You never learned disgust/ repulsion because what seemed that way to the neurotypical, did not seem that way to you. I.E. No boundaries and high tolerence for deeply affective things that would normally disturb a non-psychopath.. Theoretically speaking ofc.

Do you delight in seeing other people's annoyance? Does it satisfy you to garner their reaction? I mean some people enjoy seeing other people visabley disgusted/ repulsed.
Disturbing someone else comes with a sense of rebellion and anti-establishment etc.
For example: Being purposefully sexually inappropriate infront of an elderly woman, just to see her reel over in utter disbelief.
It gives the mischiever a sense of freedom and power and a kick too.

It isn't decent to shock an old lady because she is old. In society it is disrespectful to frighten/ intimidate/ discomfort the elderly regardless of our own beliefs. WE understand them more fragile, so keep the knowledge of our comparable strength and sense of duty top priority in this regard.
However some elderly people are just dickheads regardless of age but it is shunned by society to let them know it. That to me is a social construction i can't abide.
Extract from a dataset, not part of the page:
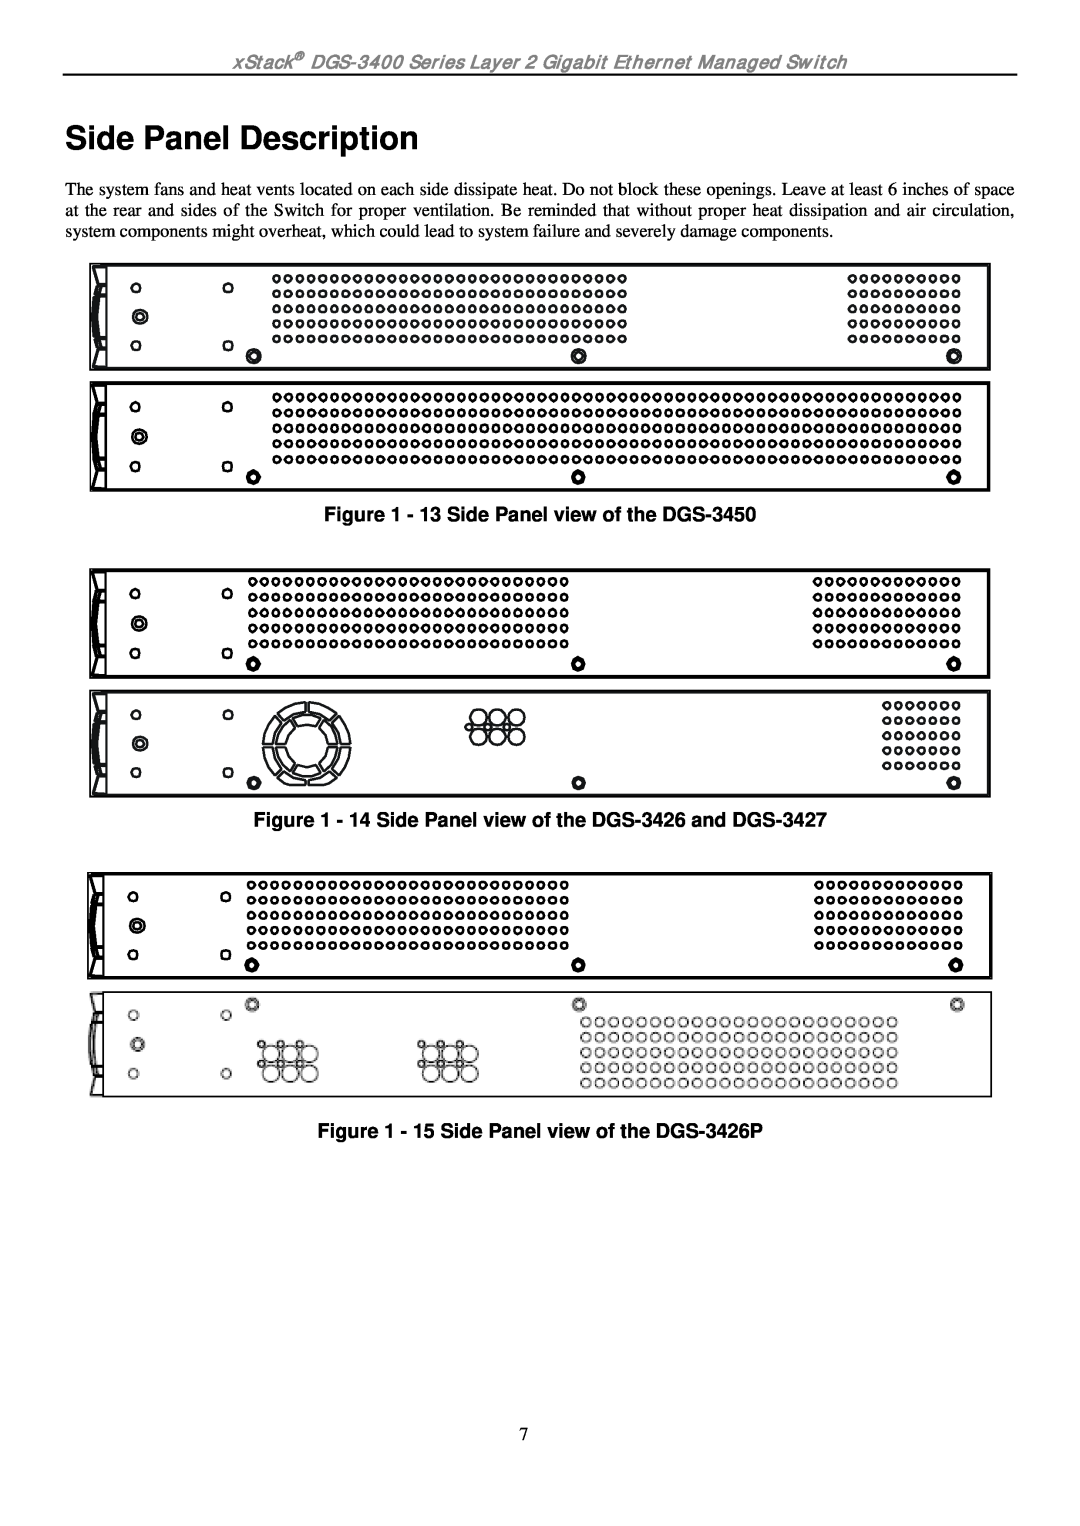 D-Link ethernet managed switch manual Side Panel Description, 13 Side Panel view of the DGS-3450

That makes me shocking. Shock can also play into these 2 feelings, i think it even preempts them.
On an evolutionary note, perhaps disgust is an important safety protocol, to keep us a safe distance from contamination.
No-one wants to see someone else eat their own feces, the person eating their own feces may like seeing that though?

I like to speculate.

Your posts are enjoyable. The post about your first memory concerns me for my nephew. He behaves oddly too. Violent and seperated from caring. Do you think you needed the nurse to forgive you and comfort you after punishing you or would that have just reaffirmed what you could get away with?
Were you devoid of optimistic exposure?